The charm of the cowslip gathering was broken. Eugene found himself very hungry, and the noonchin was produced, after which the walk was continued to the farm-house, where the young people were made very welcome.

Farmers were, as a rule, more rustic than the present labourer, but they lived a life of far less care, if of more toil, than their successors, having ample means for their simple needs, and enjoying jocund plenty. The clean kitchen, with the stone floor, the beaupot of maythorn on the empty hearth, the shining walnut-wood table, the spinning-wheel, wooden chairs, and forms, all looked cool and inviting, and the visitors were regaled with home- made brown bread, delicious butter and honey, and a choice of new milk, mead, and currant wine.

Dame Jewel, in a white frill under a black silken hood, a buff turnover kerchief, stout stuff gown and white apron, was delighted to wait on them; and Eugene's bliss was complete among the young kittens and puppies in baskets on opposite sides of the window, the chickens before their coops, the ducklings like yellow balls on the grass, and the huge family of little spotted piglings which, to the scandal of his sisters, he declared the most delightful of all.

Their hostess knew nothing of the young baronet being in the neighbourhood, and was by no means gratified by the intelligence.

'Lack-a-day! Miss Harriet, you don't mean that the family is coming down here! I don't want none of them. 'Tis bad times for the farmer when any of that sort is nigh. They make nothing of galloping their horses a hunting right through the crops, ay, and horsewhipping the farmer if he do but say a word for the sweat of his brow.'

'O Mrs. Jewel!' cried Aurelia, in whose ear lingered the courteous accents of her partner, 'they would never behave themselves so.'

'Bless you, Miss Orreely, I'll tell you what I've seen with my own eyes. My own good man, the master here, with the horsewhip laid about his shoulders at that very thornbush, by one of the fine gentlefolks, just because he had mended the gap in the hedge they was used to ride through, and my Lady sitting by in her laced scarlet habit on her fine horse, smiling like a painted picture, and saying, 'Thank you, sir, the rascals need to learn not to interfere with our sport,' all in that gentle sounding low voice of hers, enough to drive one mad.'

'I thought Sir Jovian had been a kind master,' said Harriet.

'This was not Sir Jovian.

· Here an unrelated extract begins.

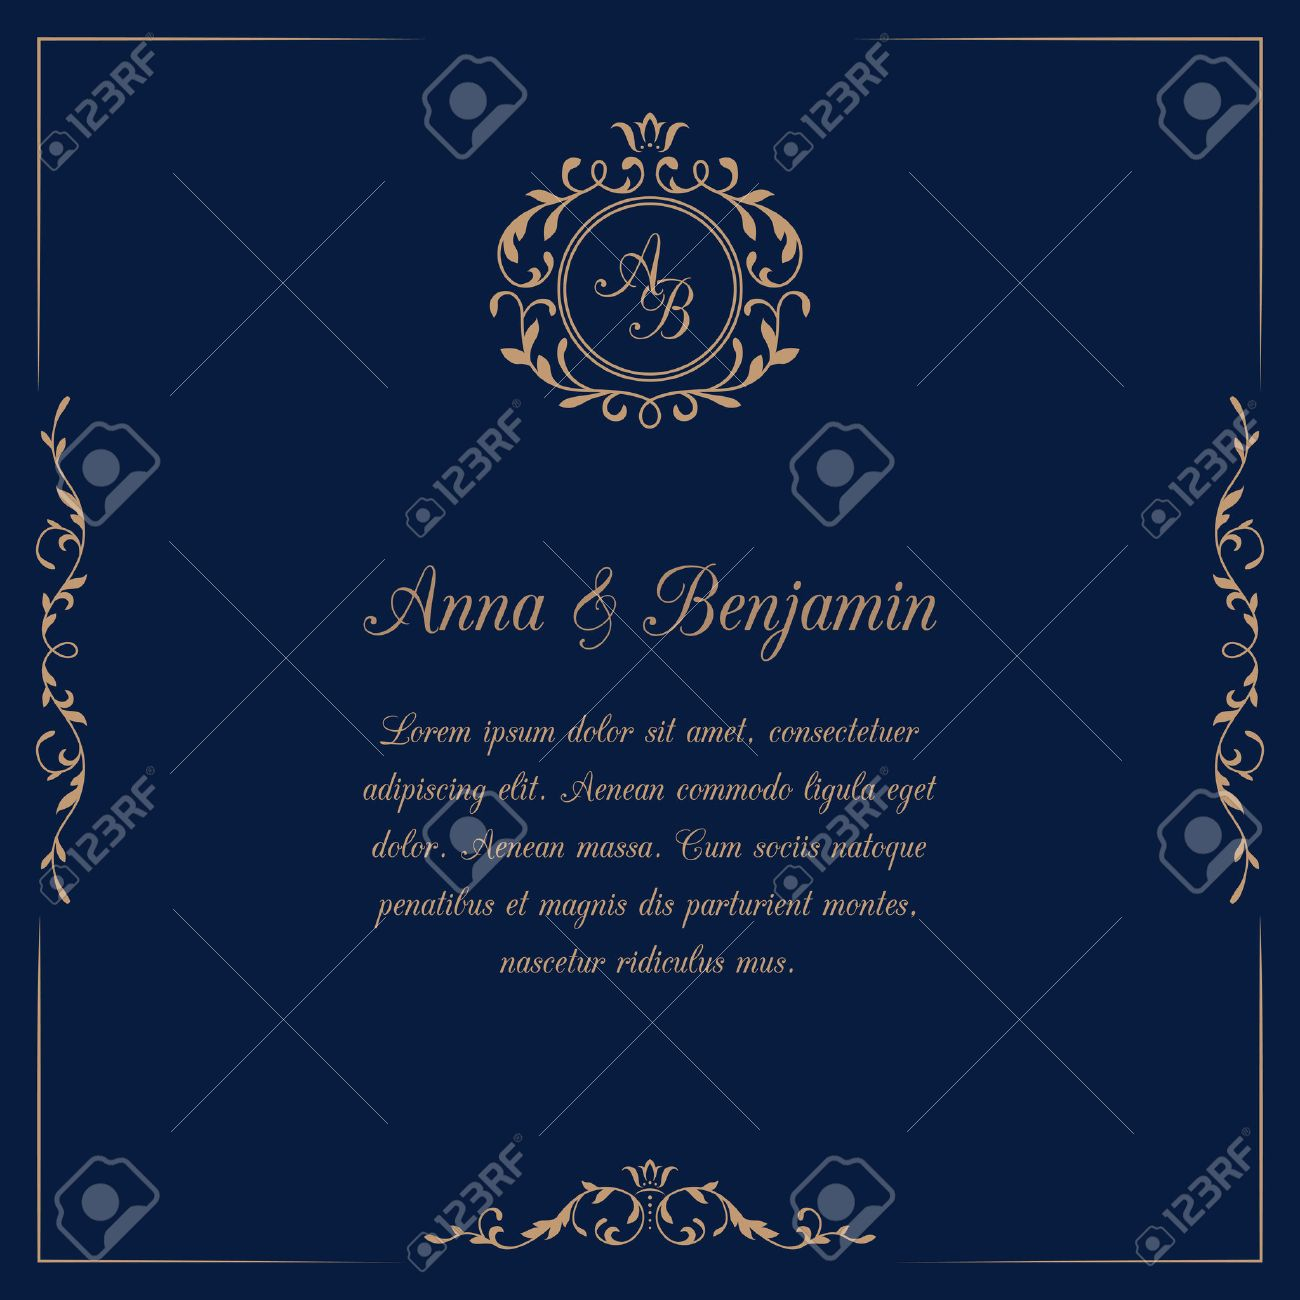 Invitation Card With Monogram On Dark Blue Background Wedding

Poor gentleman, he was not often out a- hunting. This was one of the fine young rakish fellows from Lunnun as were always swarming about my Lady, like bees over that maybush. Sir Thomas Donne, I think they called him. They said he got killed by a wild boar, hunting in foreign parts, afterwards, and serve him right! But there! They would all do her bidding, whether for bad or good, so maybe it was less his fault than hers. She is a bitter one, is my Lady, for all she looks so sweet. And this her young barrowknight will be his own mother's son, and I don't want none of 'em down here. 'Tis a good job we have your good papa, the Major, to stand between her and us; I only wish he had his own, for a rare good landlord he would be.'

The Dame's vain wishes were cut short by shrieks from the poultry-yard, where Eugene was discovered up to his ankles in the black ooze of the horse-pond, waving a little stick in defiance of an angry gander, who with white outspread wings, snake-like neck, bent and protruded, and frightful screams and hisses, was no bad representation of his namesake the dragon, especially to a child not much exceeding him in height.

The monster was put to rout, the champion dragged out of the pond, breathlessly explaining that he only wanted to look at the goslings when the stupid geese cackled and the gander wanted to fly at his eyes. 'And I didn't see where I was going, for I had to keep him off, so I got into the mud. Will sister be angry?' he concluded, ruefully surveying the dainty little stockings and shoes coated with black mud.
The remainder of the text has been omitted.